Published online 2007 Aug 15. doi:  10.1128/JCM.02367-06
PMCID: PMC2045349

Evaluation of Pan-Dermatophyte Nested PCR in Diagnosis of Onychomycosis


In this study, nested PCR using novel primers targeting the pan-dermatophyte-specific sequence of the chitin synthase 1 gene (CHS1) was compared with KOH microscopy, culture isolation, and single-round PCR for diagnosis of 152 patients with clinically suspected onychomycosis. Results indicate that nested PCR may be considered the gold standard for the diagnosis of cases of onychomycosis for which the etiological agents are dermatophytes.

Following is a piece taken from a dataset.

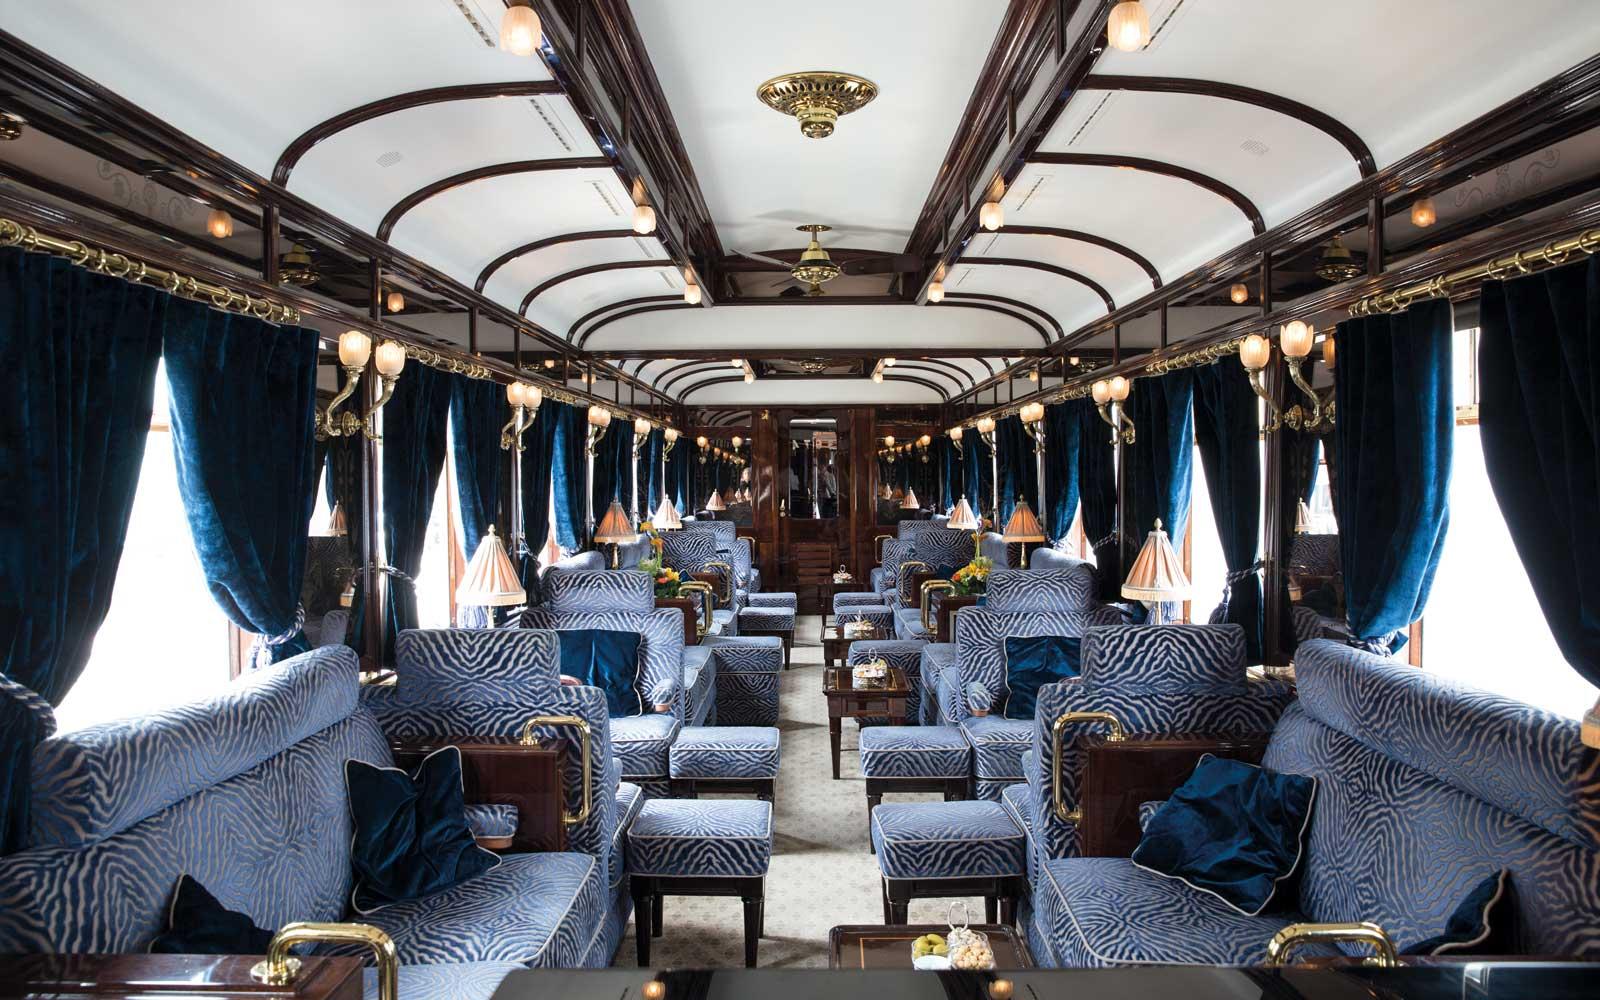 Viagem no trem de luxo Orient-Express: o vagão-bar com decoração art déco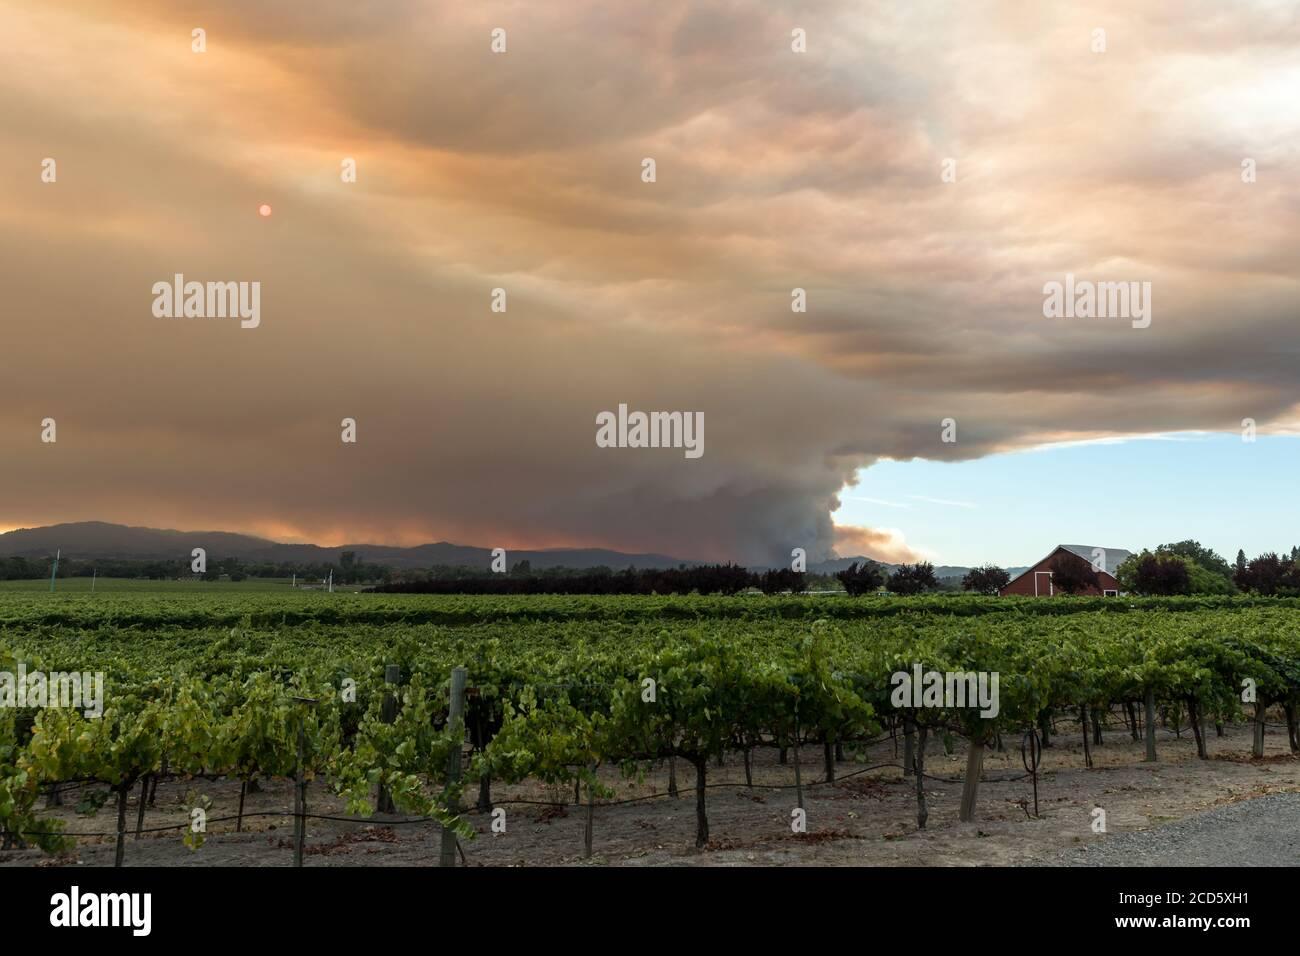 Conflagración del país del vino - amplia vista del humo que emana del Fuego de Walbridge detrás de uno de los muchos viñedos en la zona. Santa Rosa, CA, EE.UU Foto de stock

The incidence of onychomycosis has been rising sharply over the last few years. This is due to an increase in the number of immunocompromised patients, the extensive use of immunosuppressive chemotherapy, and an increase in the geriatric population. The prevalence of this disease ranges between 2 and 18% globally (10). Onychomycosis is most commonly caused by dermatophytes, although Candida spp. and nondermophytic molds have also been implicated (6). The treatment of onychomycosis would be most appropriate when the selection of antimicrobial agent is based on the identity of the causative agent. Griseofulvin is effective only for dermatophytic infections, with no activity against Candida spp. and nondermophytic molds. Terbinafine shows fungicidal activity against dermatophytes with a cure rate of 80 to 95% but shows only fungistatic activity against Candida albicans. For nondermatophytic mold infections, the role of terbinafine is not well defined and avulsion of nail combined with topical amorolfine lacquer may be effective for select patients (5).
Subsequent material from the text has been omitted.